Demographic and use variables regarding information about particular portal features
were collected with a standardized questionnaire including open-ended and closed
questions from June to October 2002. All but two respondents were users of public Web
portals. A second phase consisted of eight tape-recorded focus groups with 42
participants. In addition, 39 individual follow-up interviews were conducted. The
questionnaire data were analyzed using Chi-Square (α = 0.05) to test hypotheses for
statistical significance. The focus groups, interviews, and open-ended questions were
content analyzed and identified a variety of problems that undergraduates faced using
portals.
The study provides empirical data about undergraduates’ characteristics, e.g.,
gender, major, classification, GPA, computer and network experience, times of portal
use, and use of personalization in relation to the use of public Web portals and the possession of personal home pages. The study sheds light on why and how
undergraduates seek information on public Web portals, what they do on these sites, and
reasons for using and not using portals and particular portal features.

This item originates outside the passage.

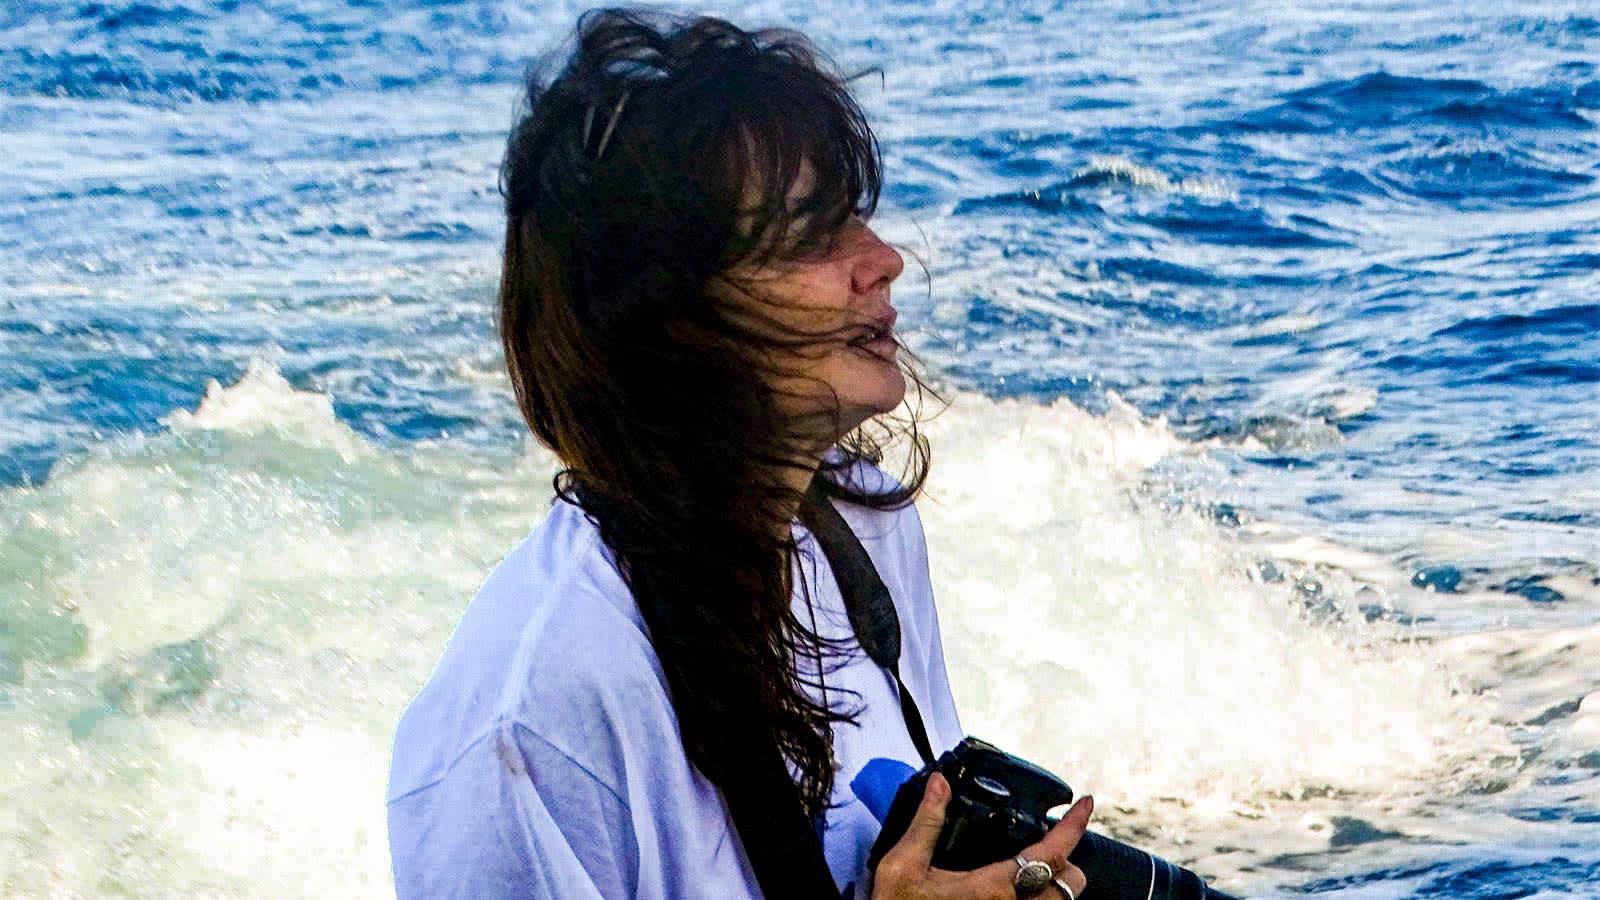 الحيتان الحدباء في كينيا..كيف كشفت محامية بريطانية سر لا يعلم عنه سوى الصيادين؟

According to the introduced Popularity Index of Public Web Portals, Yahoo! and
MSN were the most popular portals, while searches, e-mail, world and national news
were the most popular features for undergraduates using these sites. About 50% of the
participants used personalization. Personalizers used portals to a greater extent and were
satisfied. Lack of personalization and other factors were a reason for limited use of
portals. Demographic variables such as gender, age, and major did not show statistical
significance for the use of public Web portals, while use variables such as Internet access
at home, frequency of portal use, and the possession of a personal home page showed
significant relationships. Frequent redesign, privacy concerns, and unsolicited
advertising were among reasons for limited use.
The study’s results contribute to a better understanding of undergraduates’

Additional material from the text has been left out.